Whether Entain, parent of Ladbrokes and bwin, will get a another bid from its US betting partner, MGM Resorts International, or who might win an auction to buy the European assets of William Hill from its new owner, Caesars Entertainment, are top of the billion-dollar mergers and acquisitions agenda.

How to best retain online betting and casino business in Germany in the face of heavy tax and regulation is the focus in Germany for companies ranging from LeoVegas to B2B company Bragg Gaming.

In January, Entain rejected an $11bn MGM bid at a 22 percent premium on its share price, but with Entain shares up over 37 percent so far this year, “a 22 percent premium to the current price would be harder to turn down”, said Ivor Jones, an analyst with Peel Hunt.

Entain’s splashy presentation suggested a potential $162bn market if it targeted esports, social casino and markets yet to be regulated.

It was a presentation with “material of such promise, it made us feel it might be part of a negotiation with MGM”, Jones said on Thursday.

MGM has sold $4.4bn of assets, which makes a bid that much more likely, Jones and other analysts have said.

The potential sale price for William Hill’s non-US operations has risen from a ceiling of £1.5bn to a possible top of £2bn, according to The Times newspaper.
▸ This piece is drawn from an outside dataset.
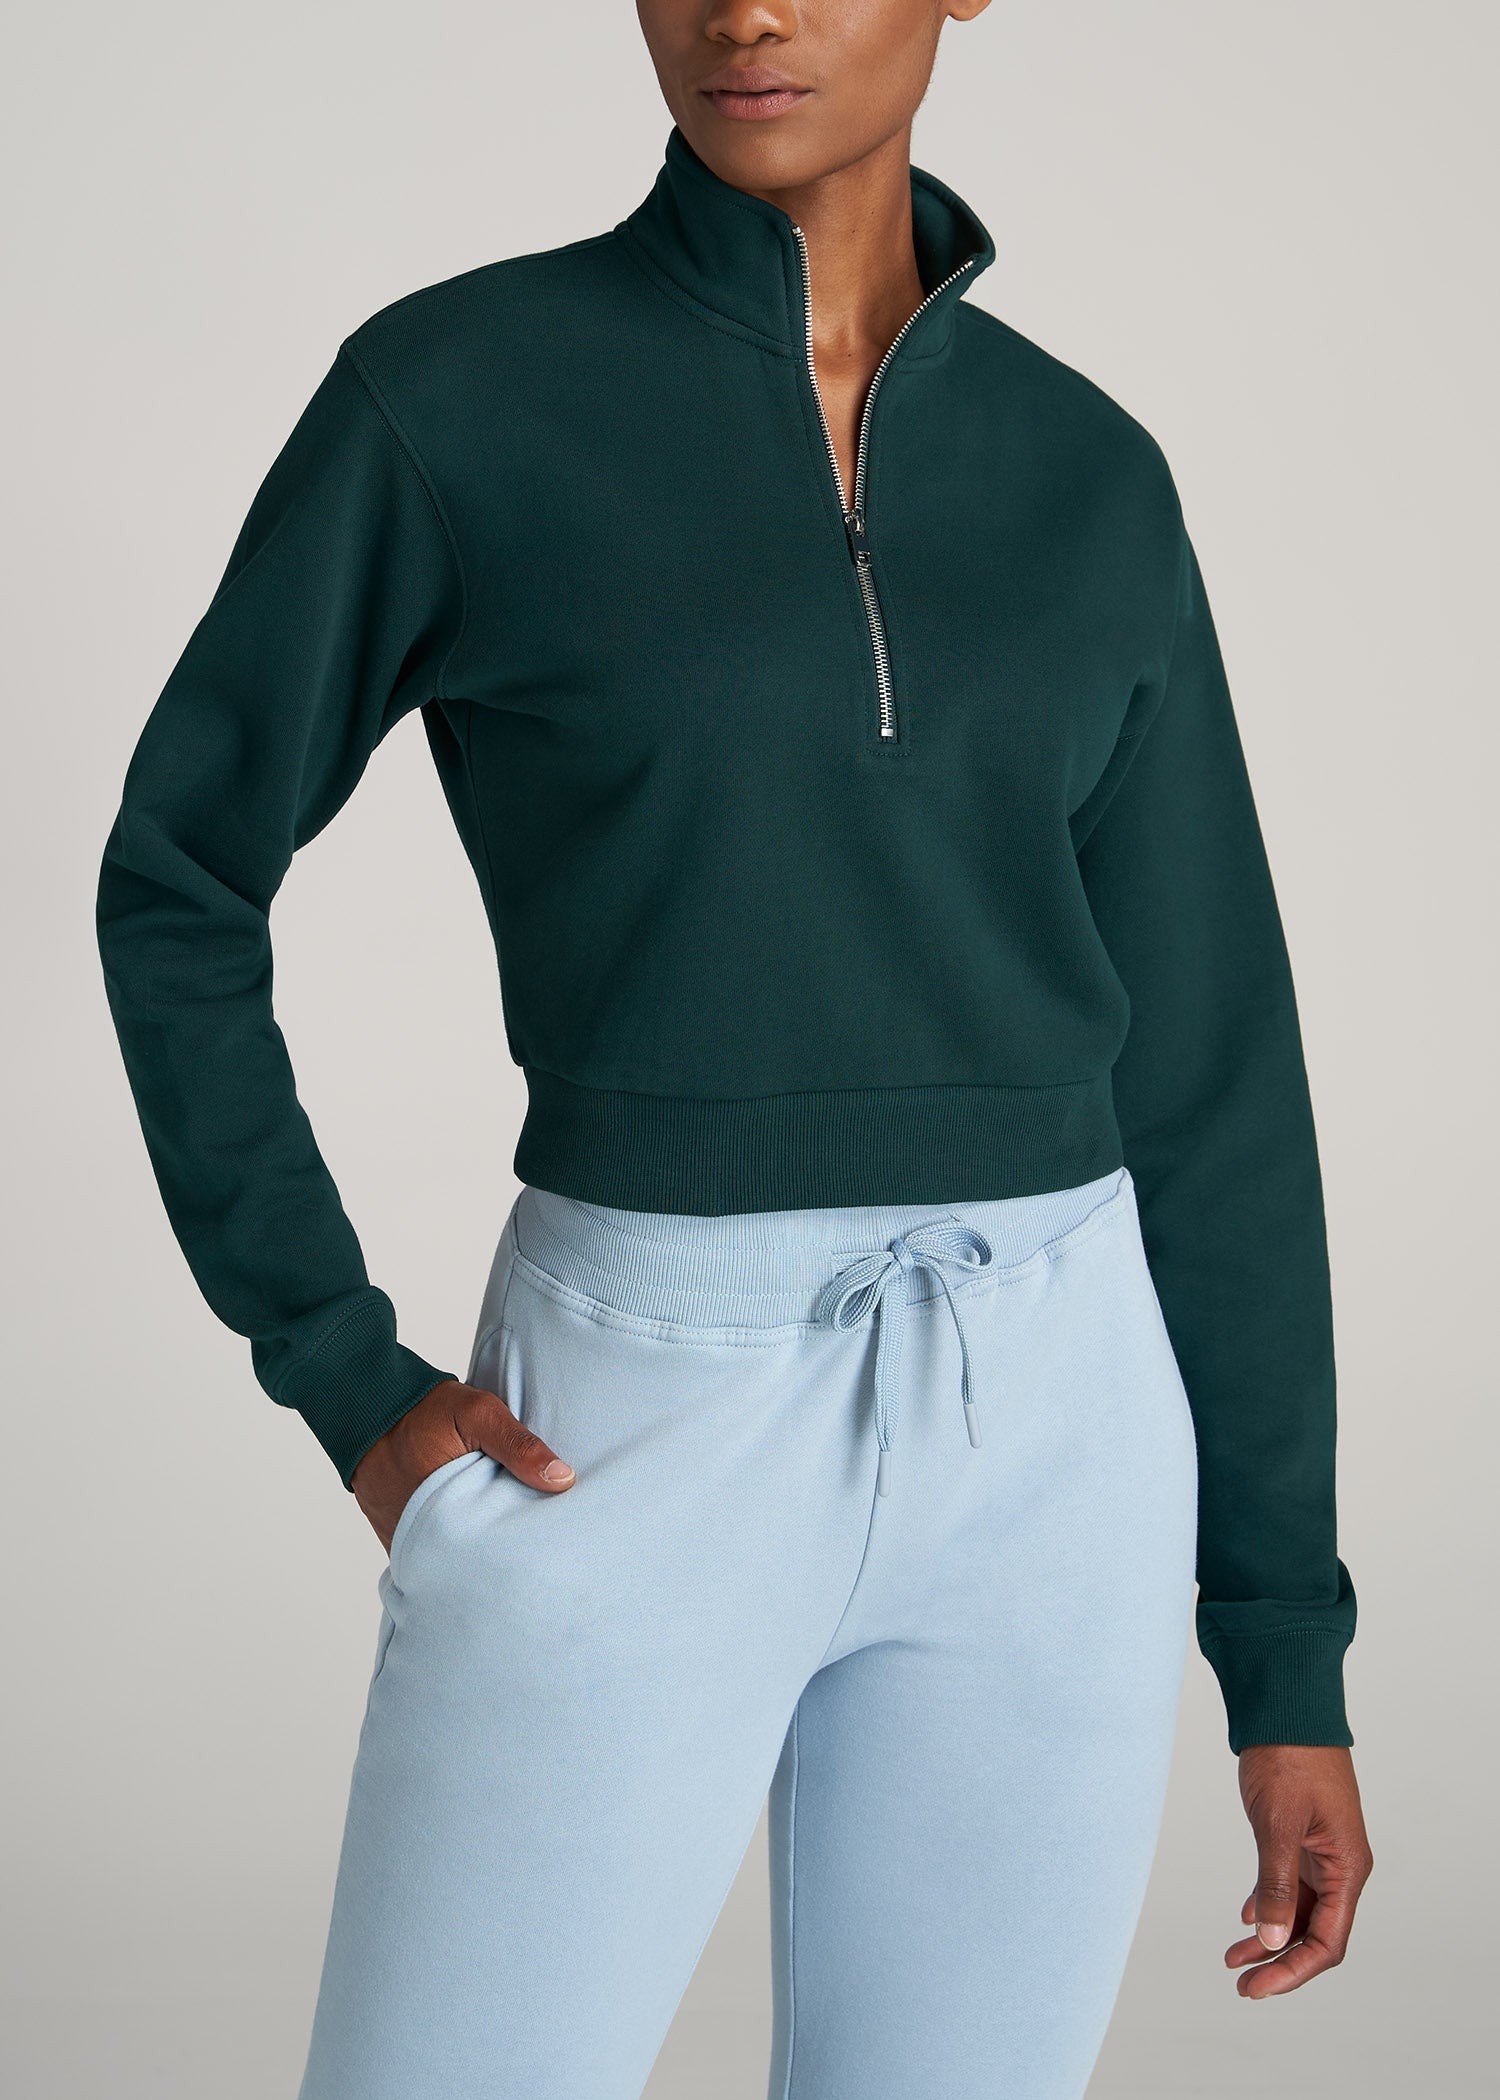 Wearever Fleece Cropped Garment Dye Half Zip Women's Tall Sweatshirt in  Emerald

That would be a hefty chunk of its £2.9bn April purchase price.

Bidders include 888 Holdings, Apollo Global Management and CVC, majority owner of Germany’s Tipico, according to the British newspaper.

If it won the bid, 888 would possibly sell William Hill’s UK shops to bookmaker Betfred, the Times said.

In Germany, operators are scrambling to minimise the pain of a 5.3 percent tax on stakes, plus tight rules on online slots and poker, currently the only permissible casino games.

The struggle was spelled out most clearly by Stockholm-listed LeoVegas, which said German revenue dropped 81 percent in the second quarter, Jones noted.

Bragg Gaming, which recently listed on NASDAQ, said its German revenue was 65 percent of its total in the first half, but that will probably fall to less than 15 percent by December, according to Jones.

The company said the German tax will halve its game royalties there.

But gambling supplier Aspire Global introduced a product, BuyWin, which it claims offer reasonable payouts to players while still managing to cover the tax.